Canfor Reports $350 Million Net Loss Amid Lumber Industry Decline
Sarah Desjardins
10/25/20241 min read


Canfor Corp. reported a significant net loss of $350.1 million for the latest quarter, driven by writedowns and impairment charges linked to mill closures in a weakening lumber market. This loss translates to a $2.96 per share drop, a steep decline compared to last year’s loss of $23.1 million, or 19 cents per share.
The Vancouver-based forestry company attributed its financial struggles to ongoing challenges in its British Columbia operations, including limited access to economically viable timber, weak lumber prices, rising operational costs, and higher tariffs. Additionally, regulatory hurdles have further complicated its operations.

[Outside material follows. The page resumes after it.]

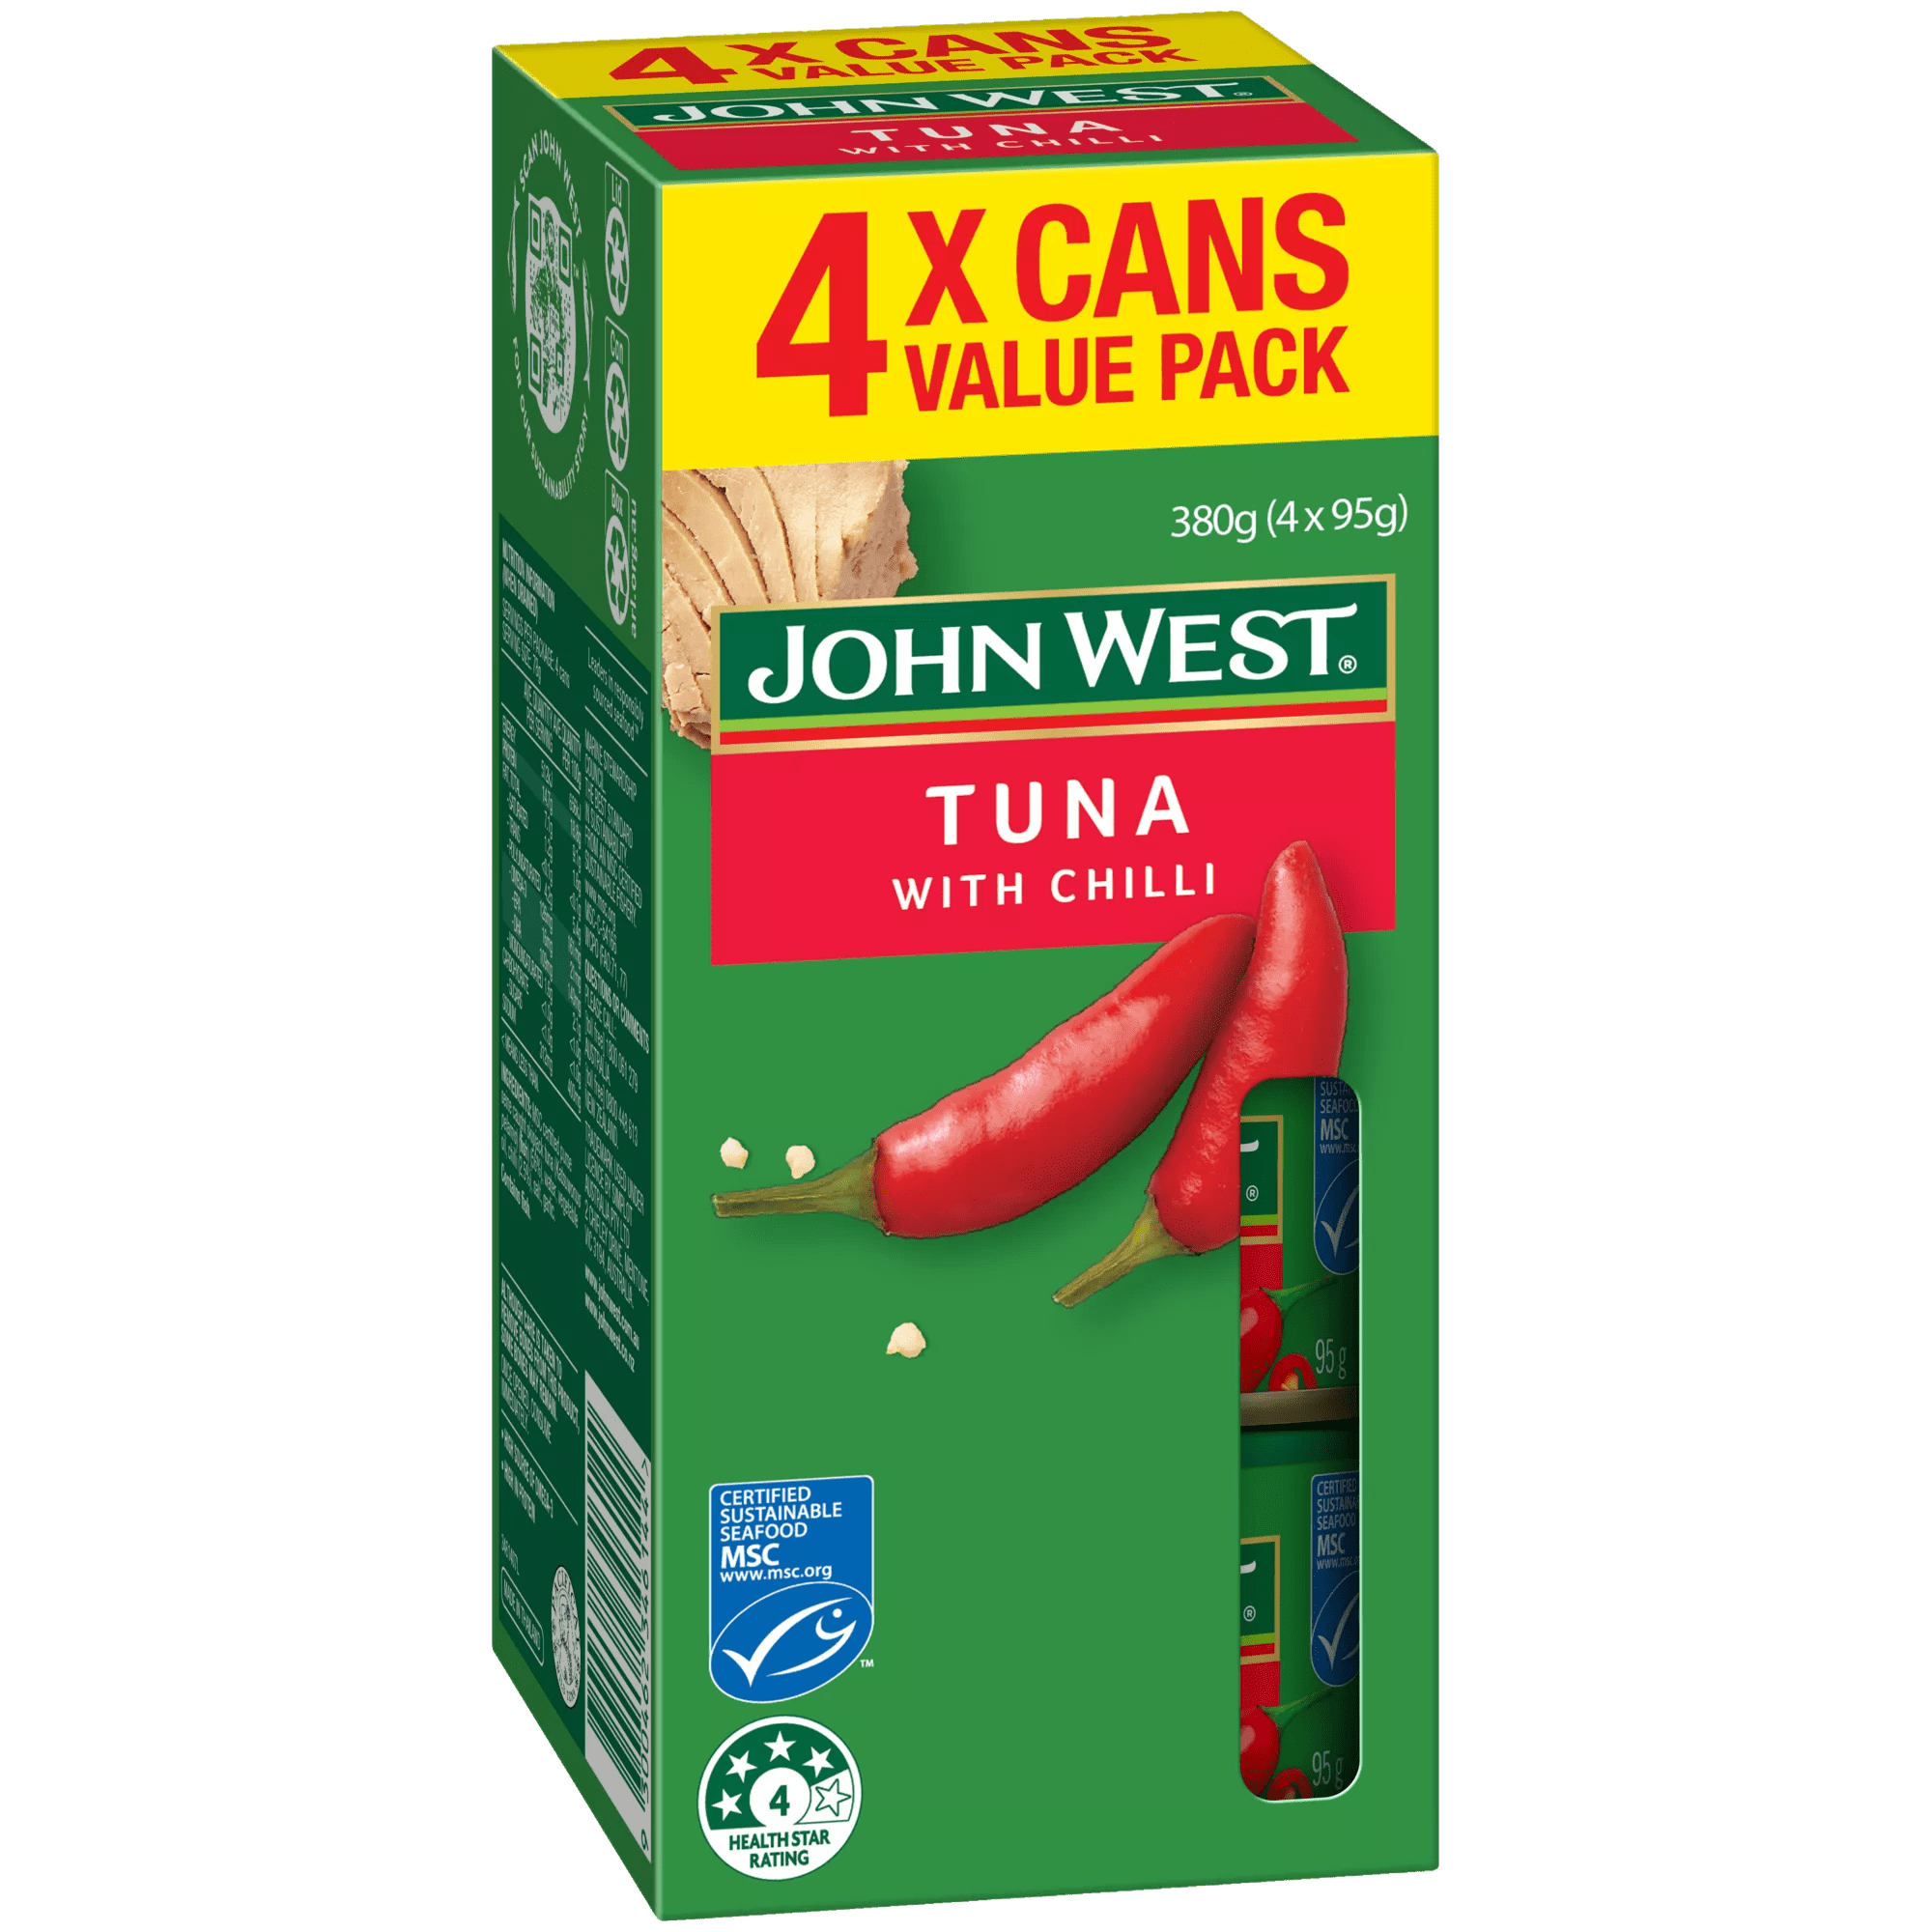 John West Tuna Chilli Multipack 6x4x95g

Don Kayne, Canfor's CEO, described the quarter as exceptionally difficult, prompting the company to scale back its activities. Among the key developments was the announcement of the closure of mills in Fort St. John and Plateau, northern B.C., which resulted in a $100 million asset writedown and impairment charge, along with $38.6 million in restructuring costs.
When adjusted for these factors, Canfor's quarterly loss stood at $139 million, similar to the $135-million loss reported in the previous quarter. In contrast, the company had an adjusted loss of $19.4 million during the same period last year, underscoring the ongoing decline in the lumber industry.